The current protocol provides a comprehensive approach in the study of intestinal lymphatic transport of nutrient (lipid) in conscious mice. Mice undergo the lymph fistula surgeries and recover overnight. Lipid emulsions are prepared with a proper use of labeled molecules and then continuously infused into mice via intraduodenal (or intragastric) cannula for 6 hours when the steady state is obtained. By analyzing the radioactivity and lipid content in tissues as well as lymph samples, our protocol allows us to fully understand the detailed procedure for nutrient delivery, which includes luminal digestion, mucosal uptake and retention, as well as the release of nutrient into the lymph. Other physiological functions of the GI lymphatic system may also be revealed with the familiarization of the lymph fistula model and the adaptions of study design by the investigators.

Significance Statement.

The gastrointestinal (GI) lymphatic system plays a major role in the absorption of certain dietary components (e.g. dietary fat and lipid-soluble vitamins) and lipophilic drugs. Our group has made considerable progress towards these studies through the use of a conscious lymph duct cannulated animal model (or lymph fistula model).

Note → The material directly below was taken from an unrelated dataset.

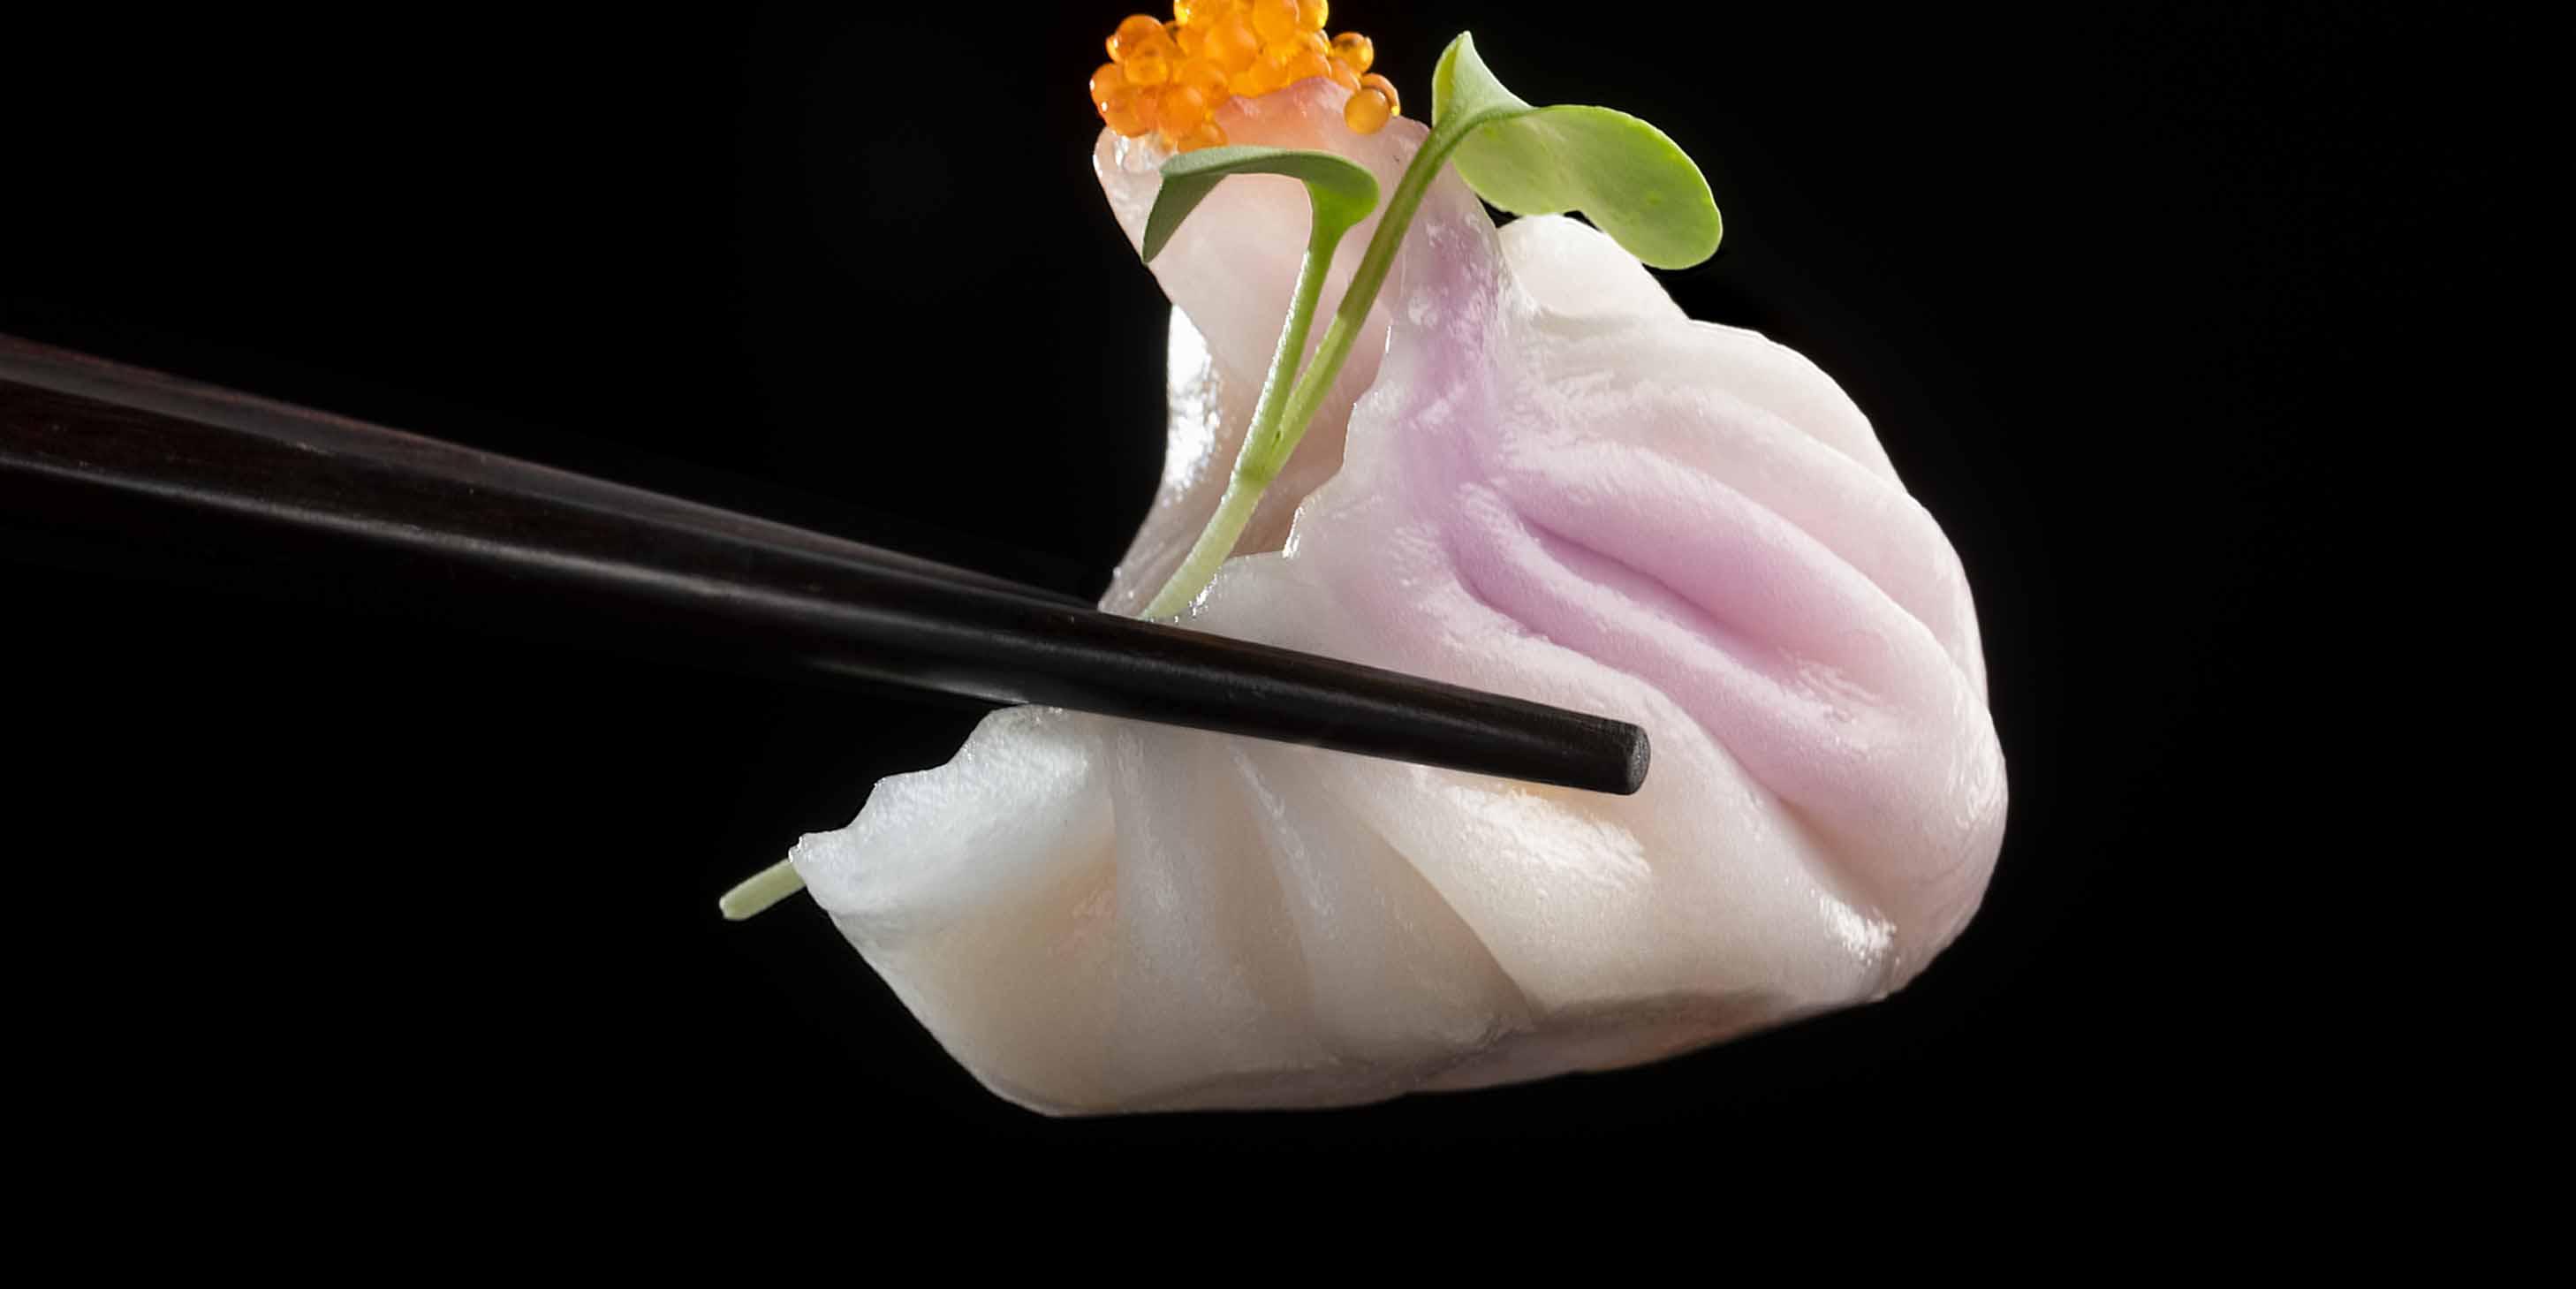 Dumpling of Hakkasan located on the bund
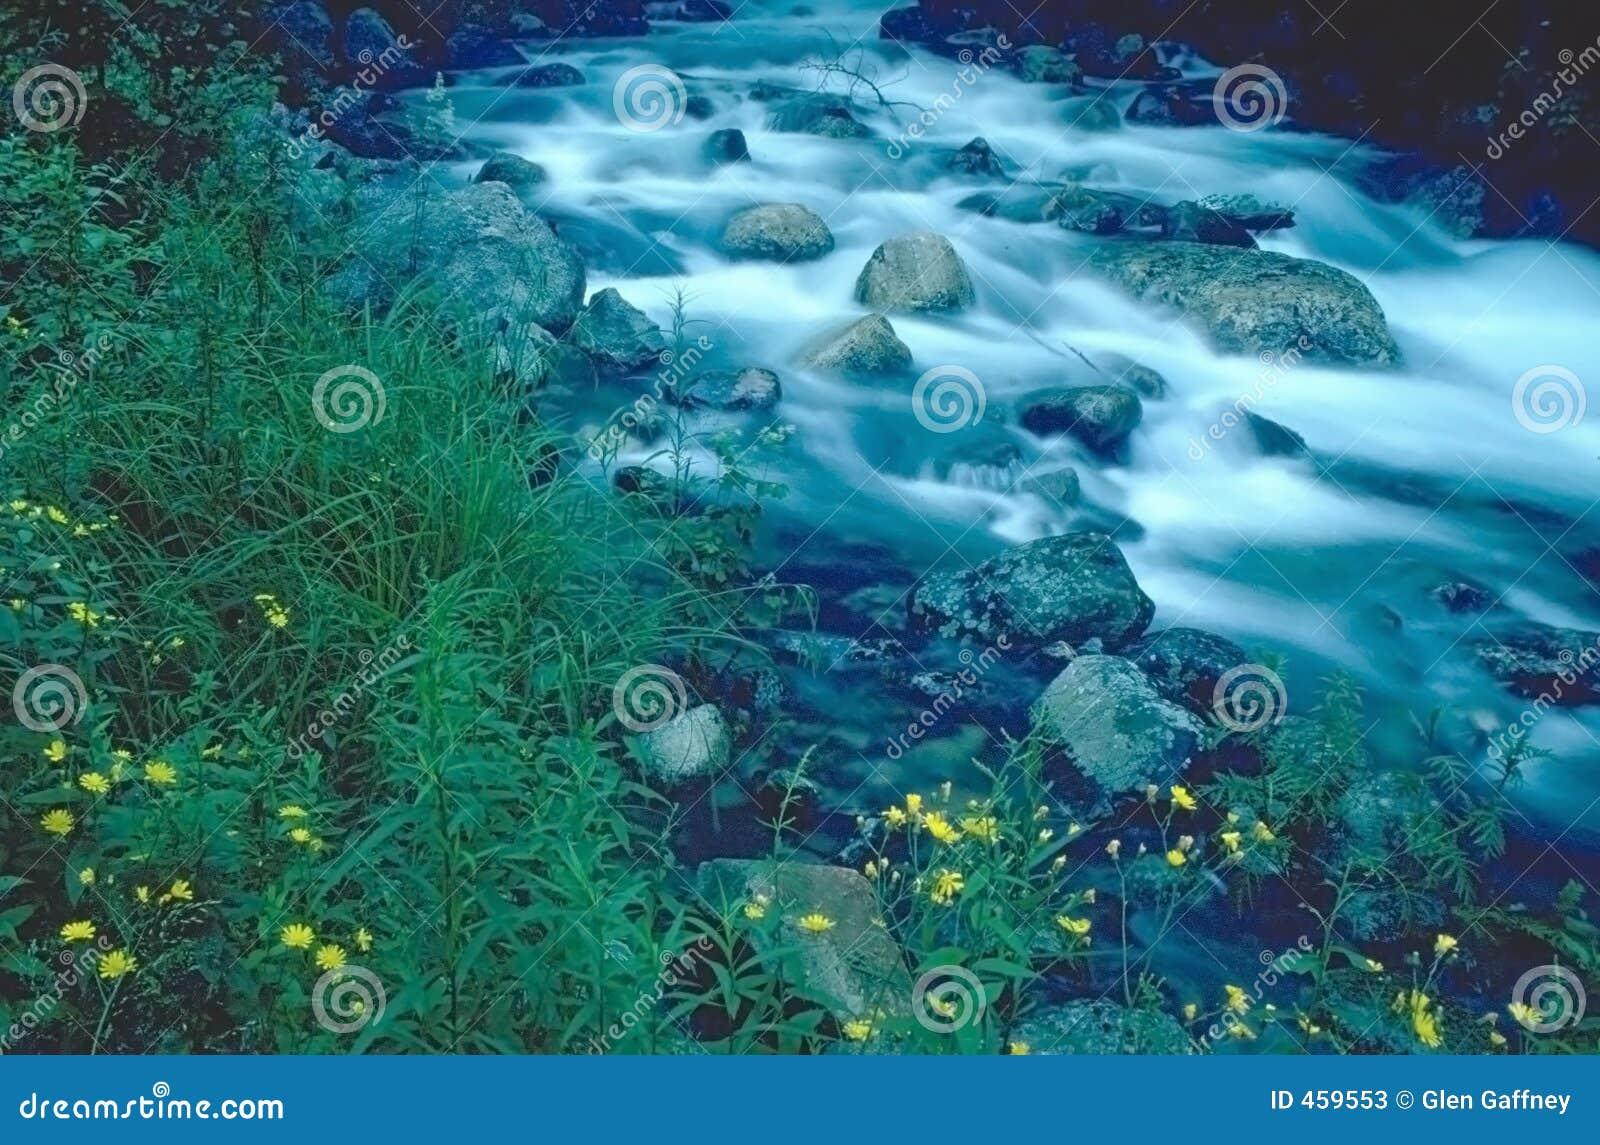 Download Running stream stock image. Image of weeds, landscapes - 459553

With the availability of global as well as organ specific genetically-modified mouse models, the ability to study the lymph fistula mouse becomes even more important in answering specific physiological questions in the in vivo setting. Furthermore, with the use of isotope tracers, the metabolic flux during nutrient absorption may be defined. Here, we provide a protocol to assess nutrient absorption via the lymph system, as well as other physiological functions of the GI lymphatic system.